Posted by on in Uncategorized
  • Font size: Larger Smaller
  • Hits: 1179
  • Subscribe to this entry
  • Print

Back in the last century one of the earliest third party integrations developed for Netcool OMNIbus was a gateway to the Remedy Action Request System (ARS). That gateway allowed an operator to create a trouble ticket from an OMNIbus event and thus initiated the now standard process from event management to incident management. This process is essentially one way the posting back of the trouble ticket number notwithstanding, and the event manager and service request server are treated as two entirely separate systems that occasionally exchange information. The question is, should that remain so, or should the event manager be more closely integrated into the incident management process.

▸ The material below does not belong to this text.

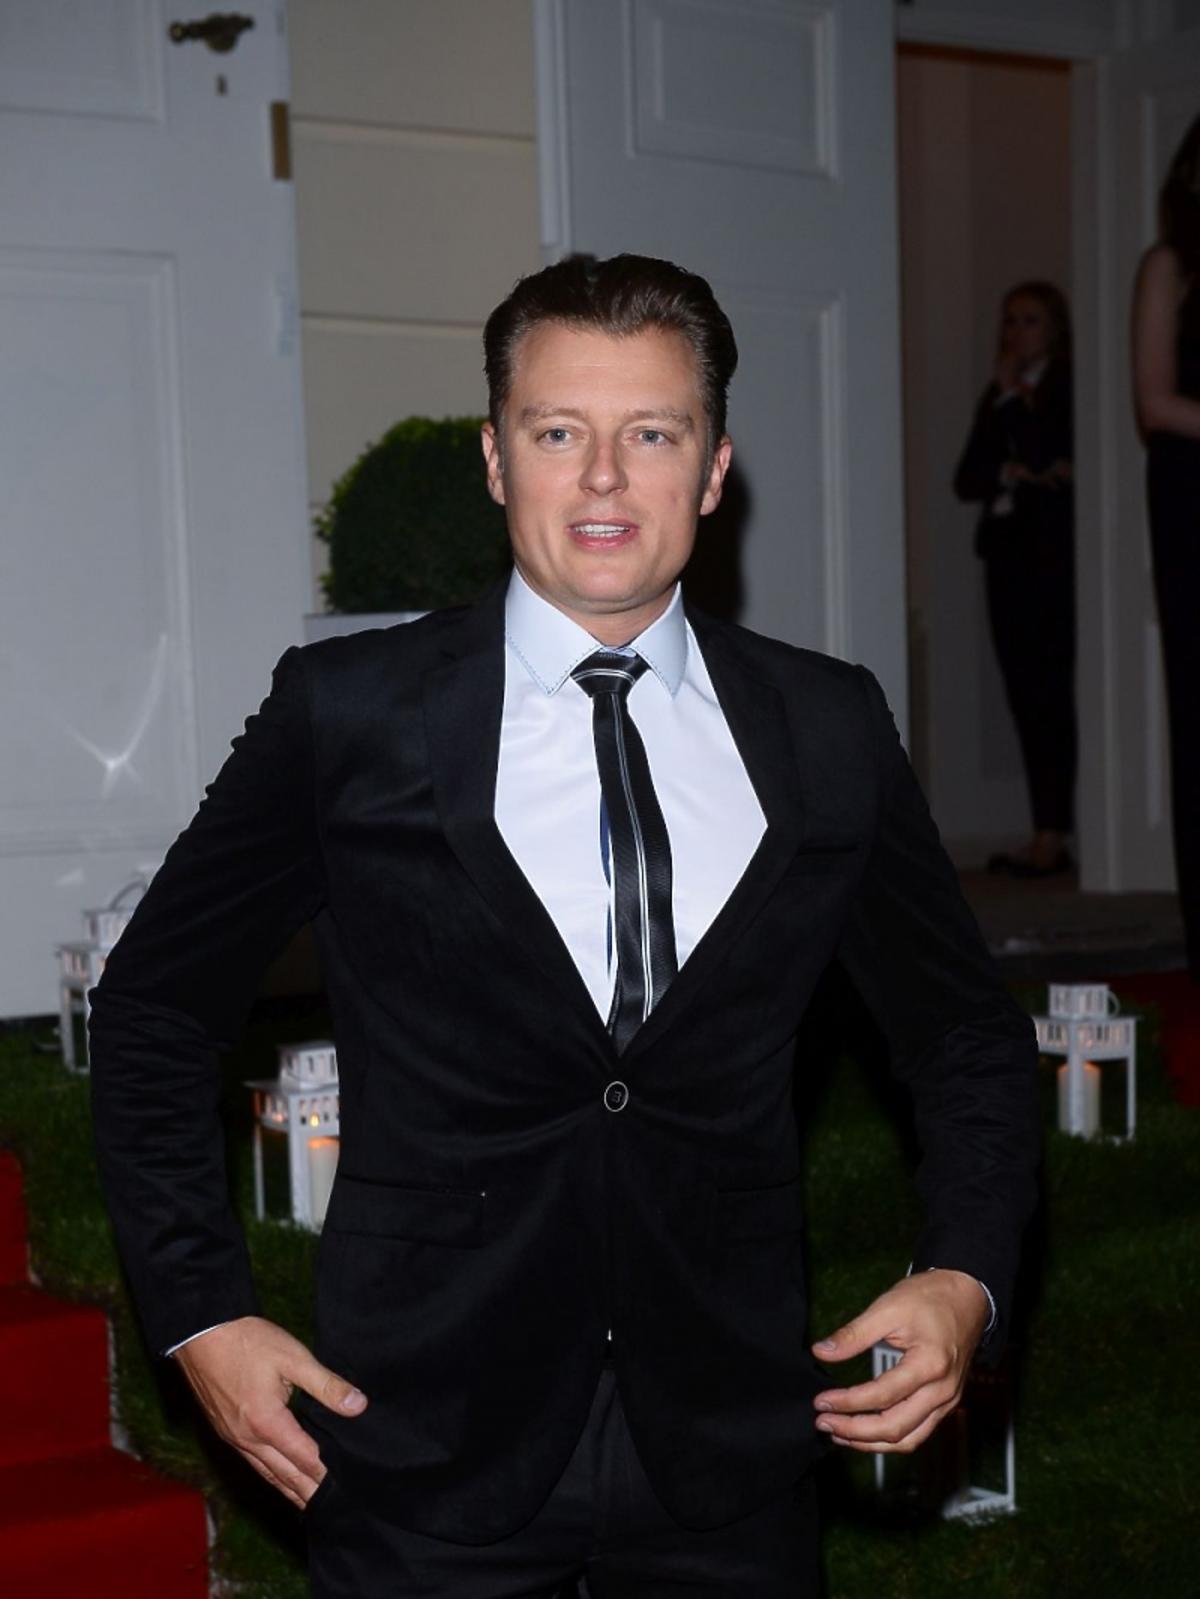 Rafał Brzozowski w garniturze na imprezie marki Kruk

We tend to think of incident management as a linear process, which can be drawn as:

In most implementations the process transitions from the event manager to the incident manager at the Assign stage and often the users of the event management system lose visibility of progress until their event is closed, either because a clear alarm is received from the repaired device or because the ticket is closed and that in turn clears the initiating alarm. However at a large telco I have noted operators use a tool to update the Summary field of an alarm with information about the fix progress so some feedback is clearly welcome.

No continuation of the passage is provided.